Свадьба вампира — страница 52 из 64

Следствию, по общему согласию, представили следующую картину. Четверо гангстеров ворвались в дом и, угрожая расправой, стали требовать деньги и драгоценности. Сын мэра оказал сопротивление, его тяжело ранили, хозяйку дома убили. Самого Петра Тимофеевича начали избивать. Неизвестно, чем бы тот грабеж закончился, если бы не вмешался товарищ сына. Он находился в соседней комнате, услышав выстрелы, затаился, а при обыске, который учинили бандиты, сумел обезоружить одного из них, и всех перестрелял.
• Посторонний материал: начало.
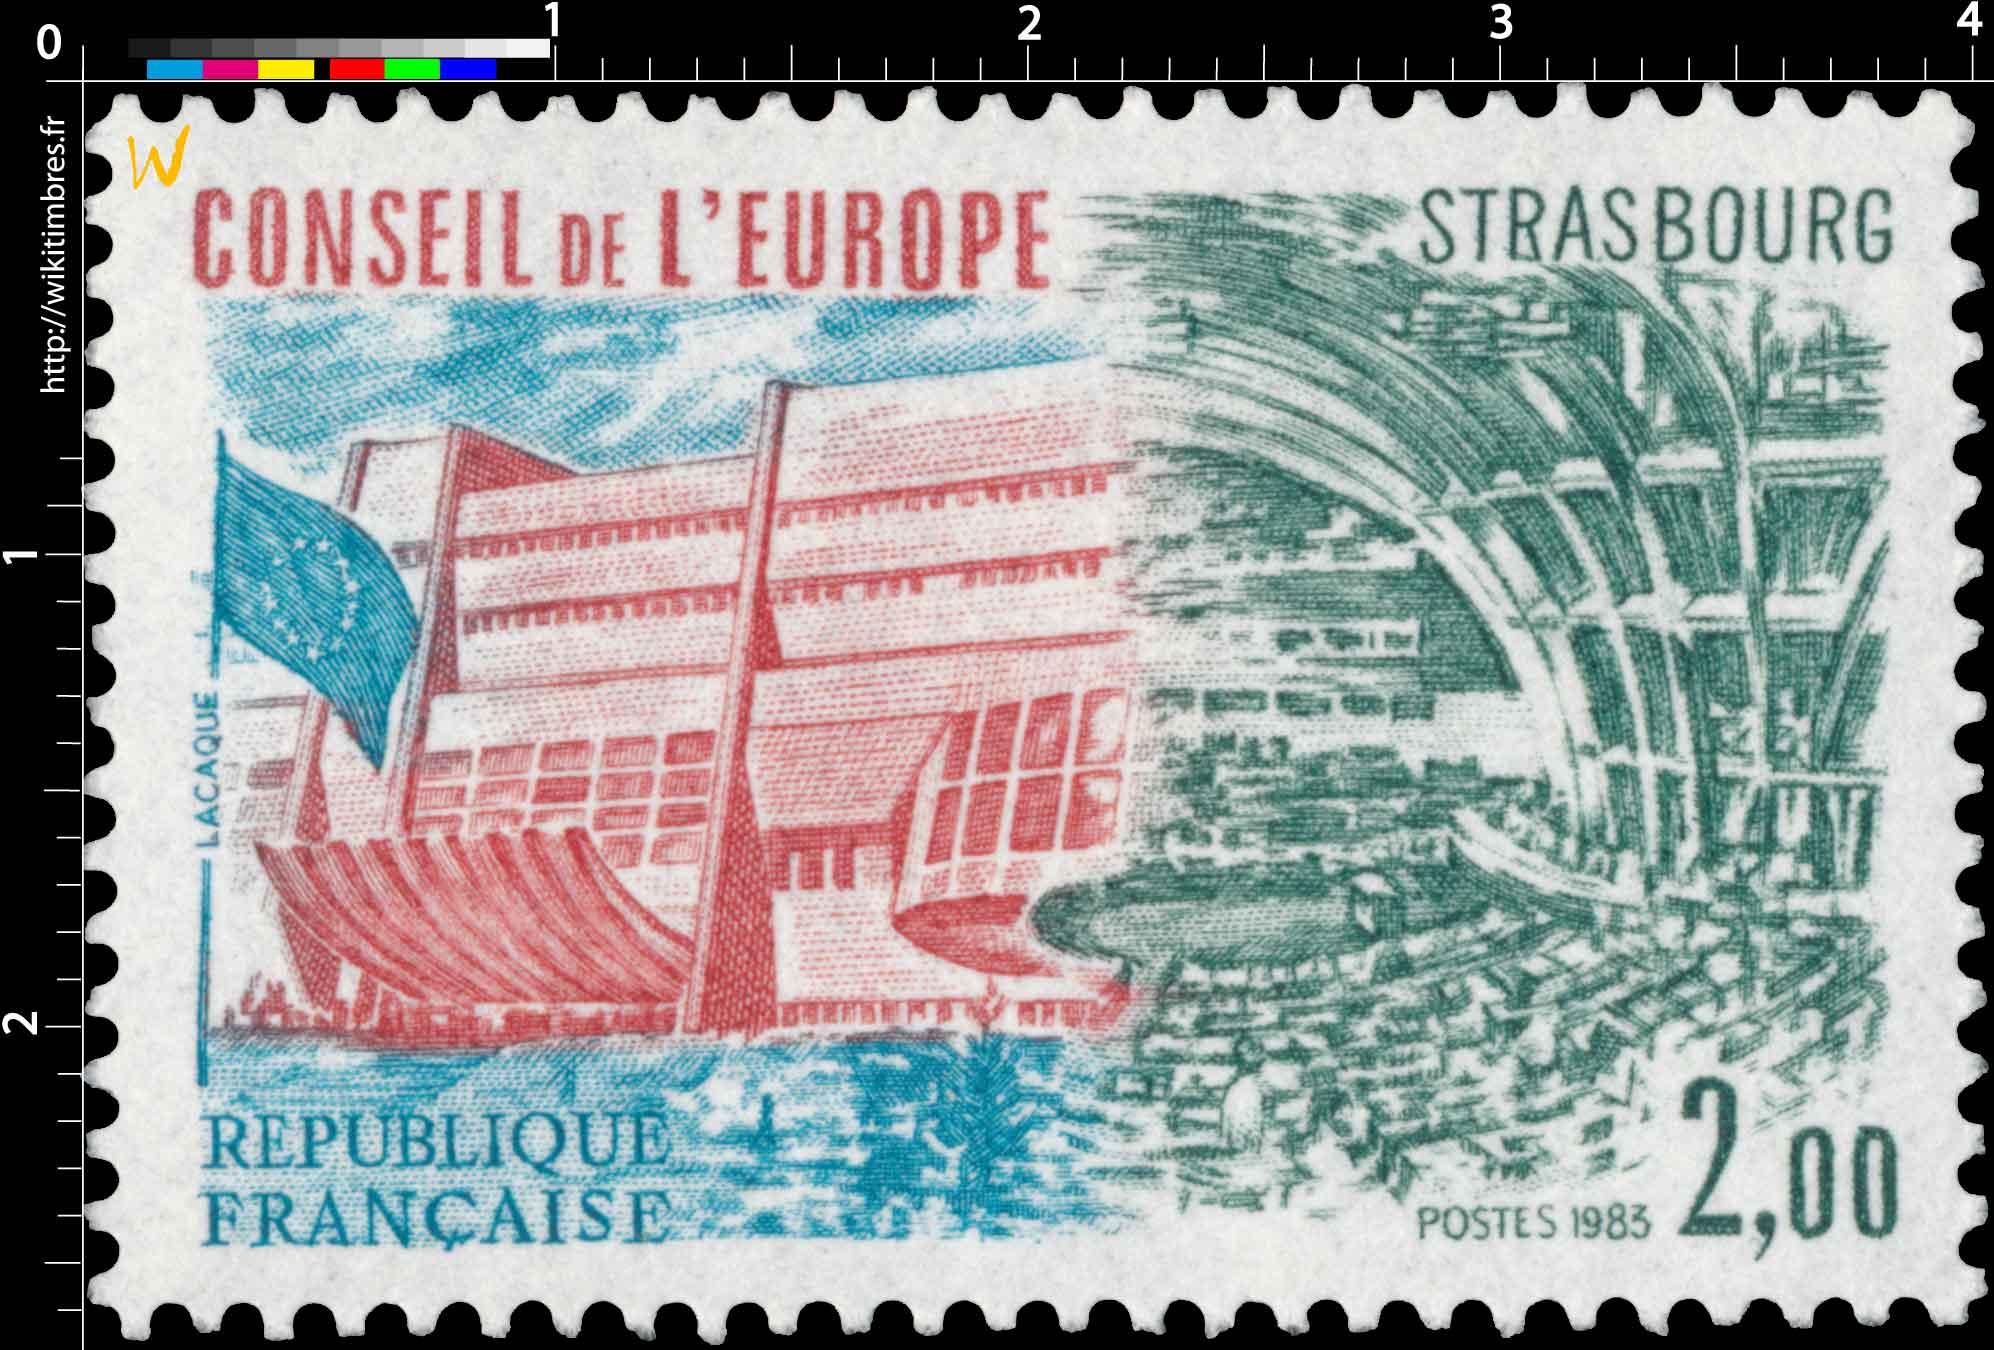 1983 CONSEIL DE L'EUROPE STRASBOURG

Рассказ звучал туманно, детали не стыковались, следователи крутили носами, было видно, что они сами не прочь учинить обыск, «товарища сына» арестовать, и как следует взять в оборот. Однако мэр есть мэр. Прокурор санкции на обыск не давал, начальство радикальных мер не одобрило и «копать» по-настоящему запретило. Пока запретило.

Когда расстроенный похоронами мэр вернулся домой и зашел в комнату сына, его чуть инфаркт не хватил. Ежов, бледный как смерть, лежа на кровати, играл в шахматы с Рахитом, а тот, развалившись в кресле, курил!? Не смотря на открытую настежь форточку, комната была полна табачного дыма. Петр Тимофеевич от гнева чуть не задохнулся. Он замахал руками:

– Марш отсюда! Наглость какая. Совсем совести нет!
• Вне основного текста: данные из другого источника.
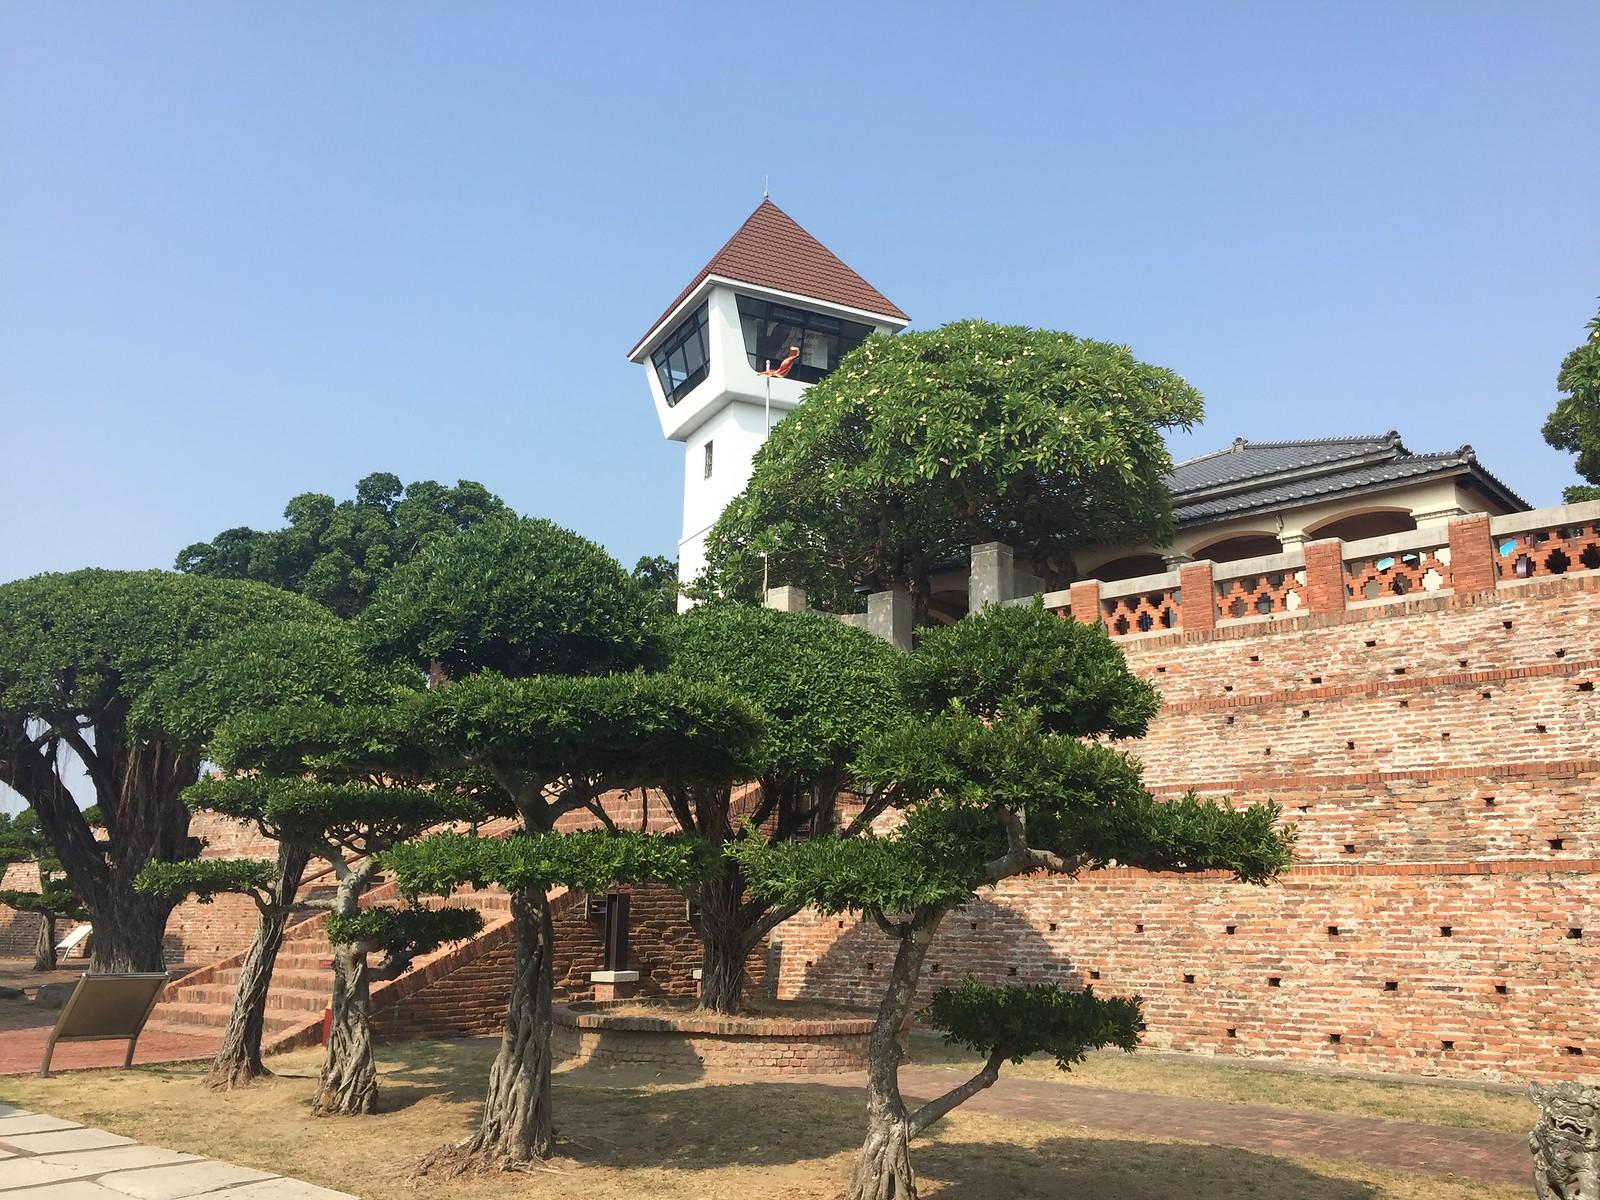 Tainan Fort Zeelandia

Рахит оторвал взгляд от шахматной доски, расположенной на столике между игроками, пустыми глазами посмотрел на Петра Тимофеевича, поднял руку и ловким щелчком «выстрелил» окурок в форточку. При этом движении рукав джемпера задрался, из-под него выглянула татуировка. Ежов уставился на отца, на лице которого проступило растерянное выражение.

– Мне не мешает, – буркнул сын. – Пусть курит.

– Молодой человек, – снова обратился Петр Тимофеевич, на этот раз подчеркнуто вежливо, – будьте любезны, оставьте нас вдвоем?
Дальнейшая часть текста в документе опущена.